7 Comments
User's avatar
Jaisurya Prabakaran's avatar

Well explained 💯🔥

Yaroslav Bulatov's avatar

I like the differential equations view. People tend to add a disclaimed that it's the "small step size limit", but turns out this approximation works quite well even for large step size in high dimensions. Step size is bounded by largest eigenvalue, but if most of the mass comes from remaining dimensions, the "large" step size is actually quite small. I did some visualizations on this a while back https://machine-learning-etc.ghost.io/gradient-descent-linear-update/

Tivadar Danka's avatar

Really cool visualizations, thanks for sharing!

Un Poeta's avatar

I think there's a typo in the derivative definition: isn't the limit supposed to go to zero?

Tivadar Danka's avatar

Thanks, you are correct!
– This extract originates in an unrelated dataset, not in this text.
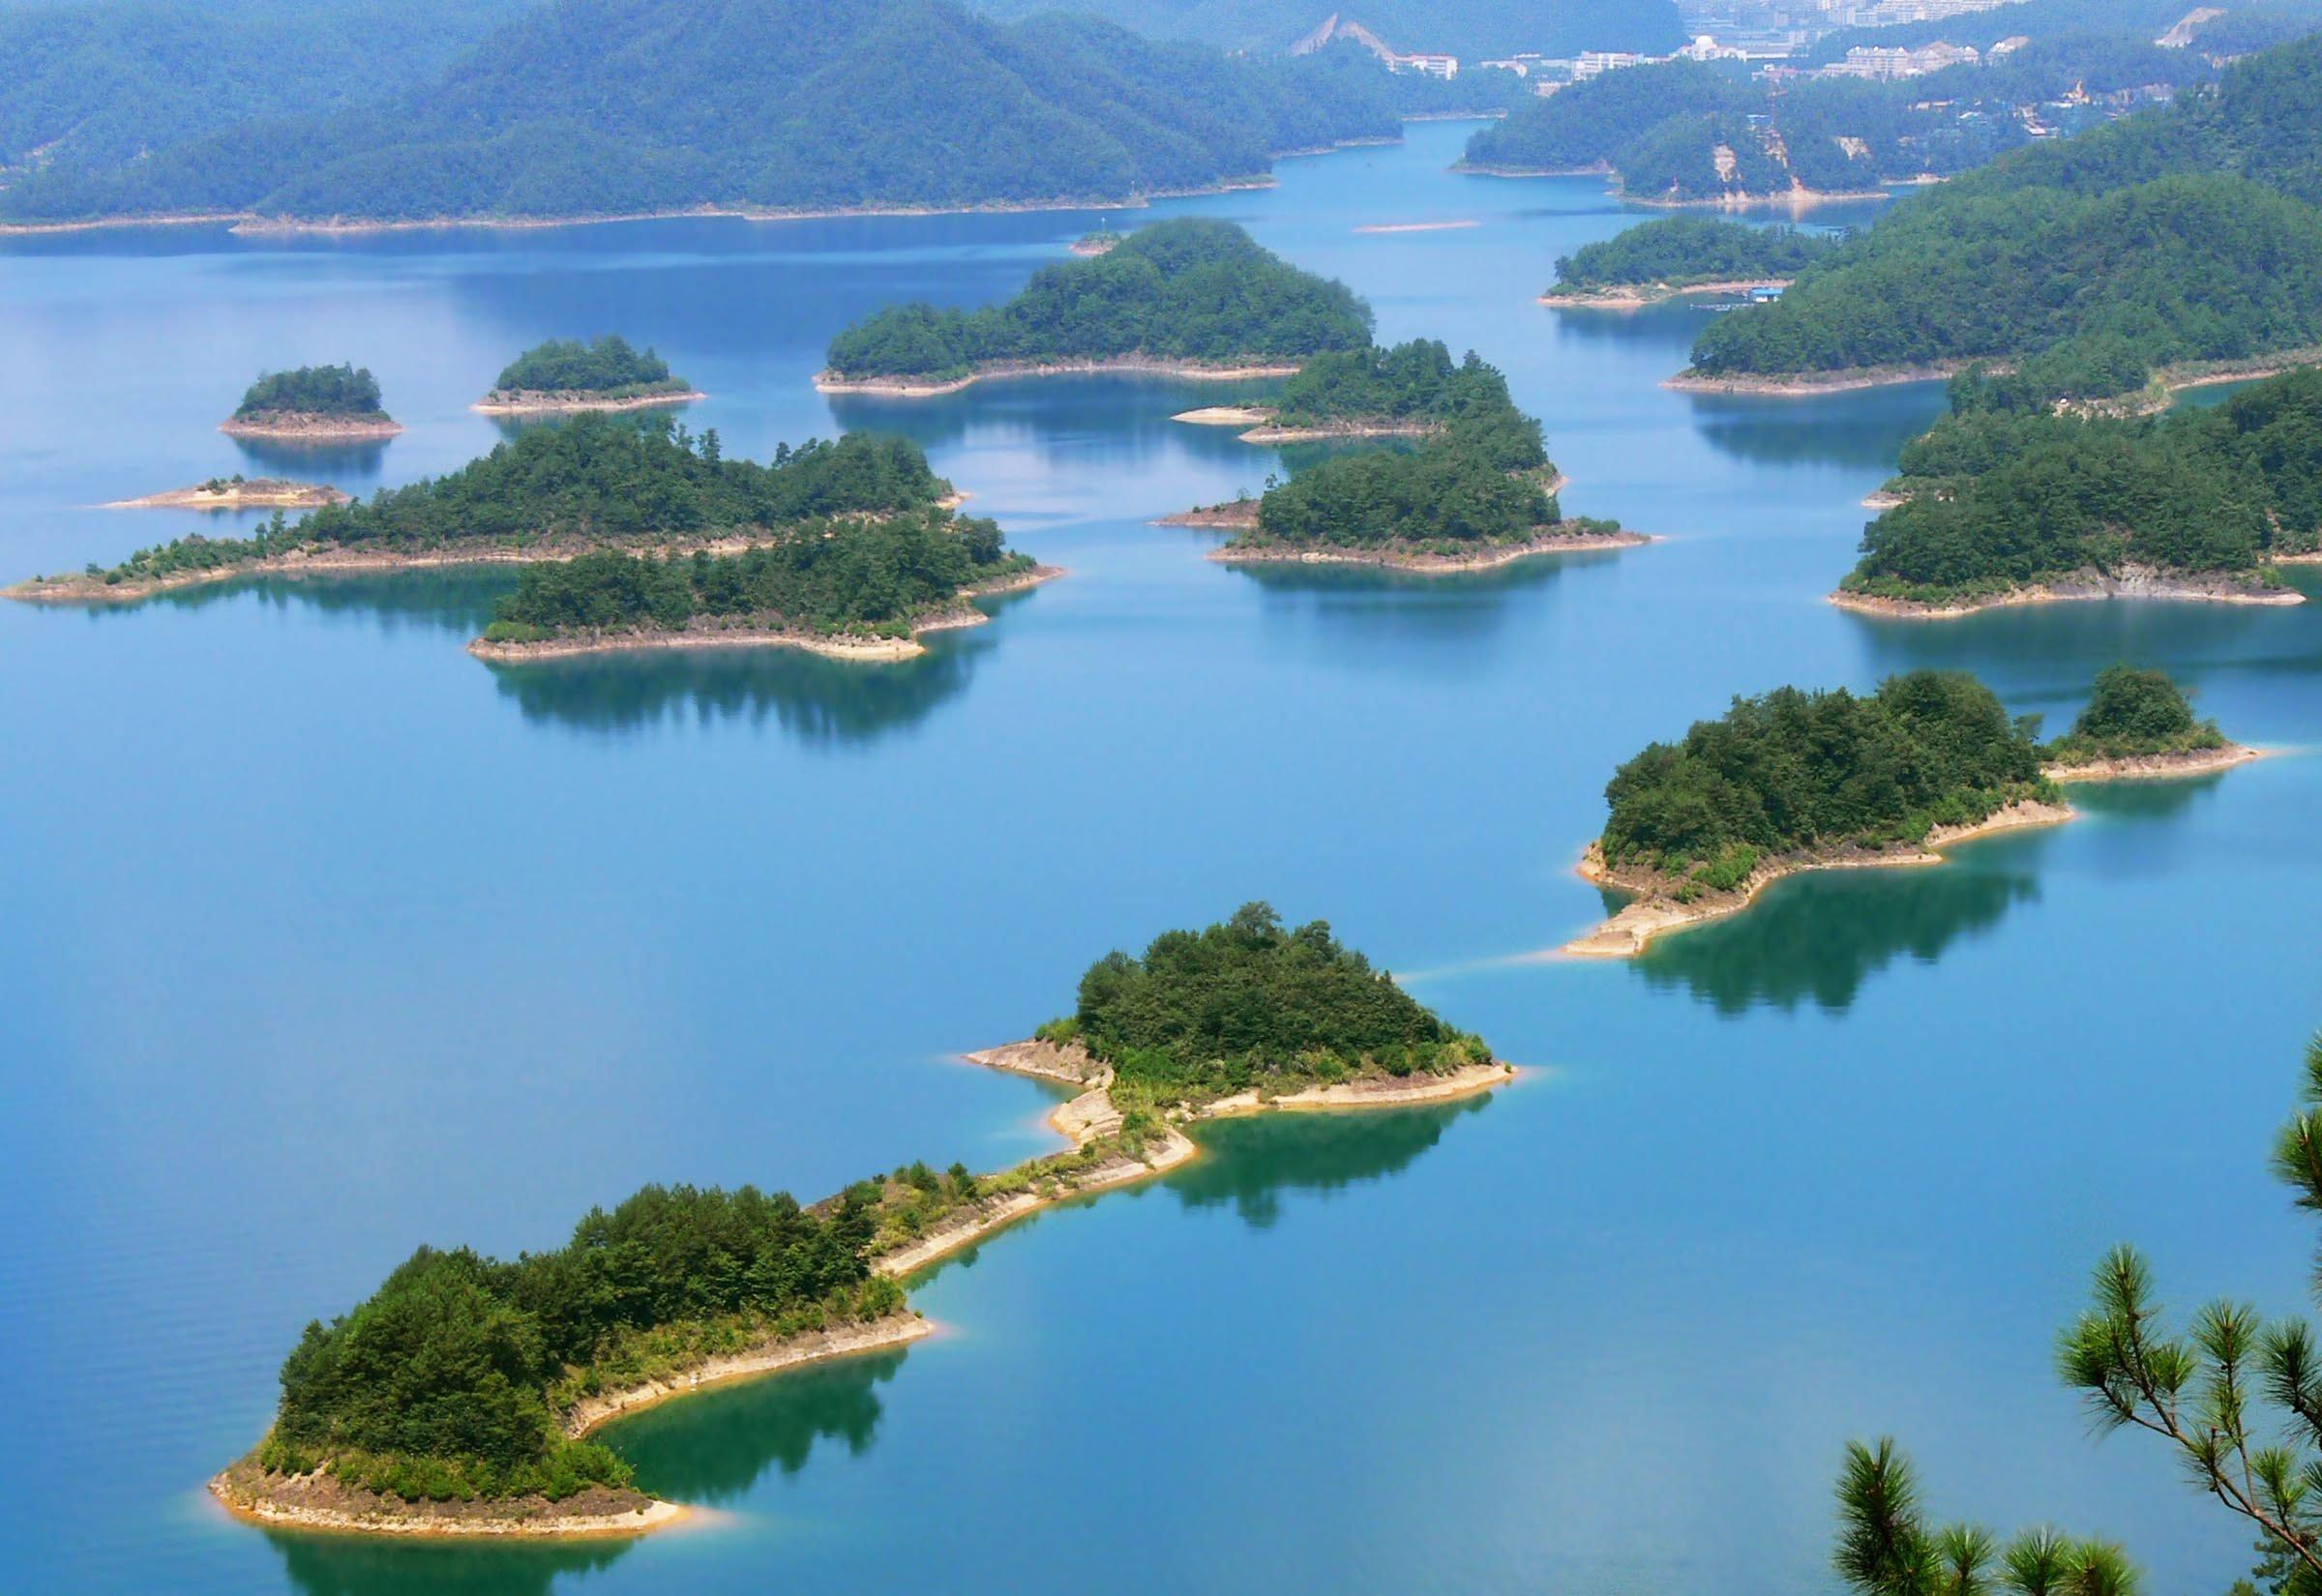 千岛湖旅游景点之(梅峰滑草)门票特价
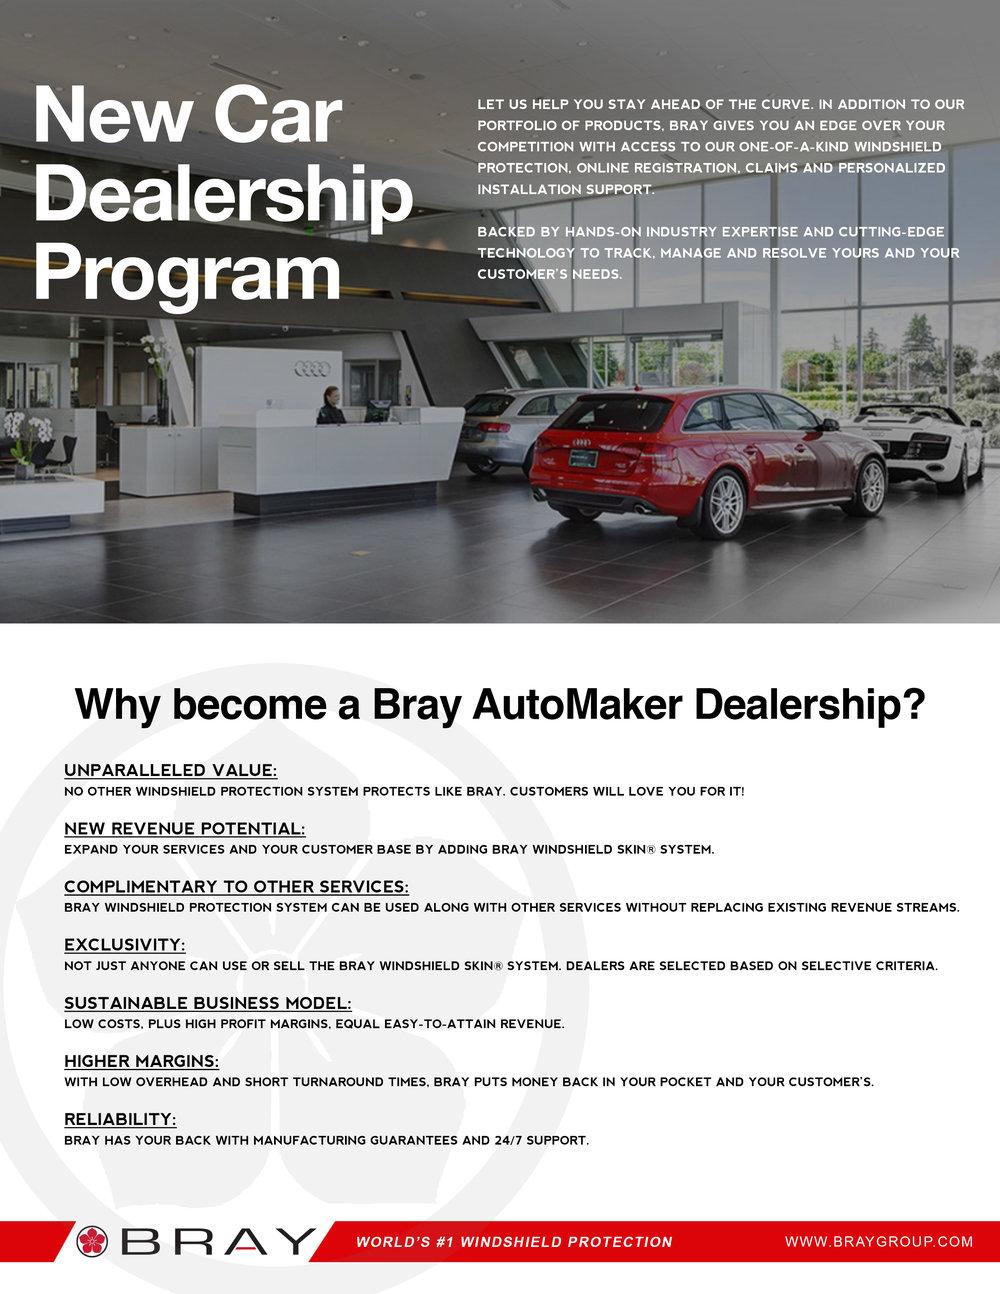 sales_sheet - Car Dealership.jpg

Fixing it now.

Rabin Adhikari's avatar

I didn't get how you reached to the equations for the `monotonicity describes long-term behavior`.

Tivadar Danka's avatar

This is not a trivial step, it involves an argument using the Picard-Lindelöf theorem about the existence and uniqueness of IVP solutions. Gist is, if x(t) is, say, increasing and bounded, than it must have an asymptotic limit. In turn, the limit must be an equilibrium solution, as guaranteed by the Picard-Lindelöf theorem.

I omitted the technical details, because this is quite an intuitive result, and the Picard-Lindelöf theorem is way out of the article's scope.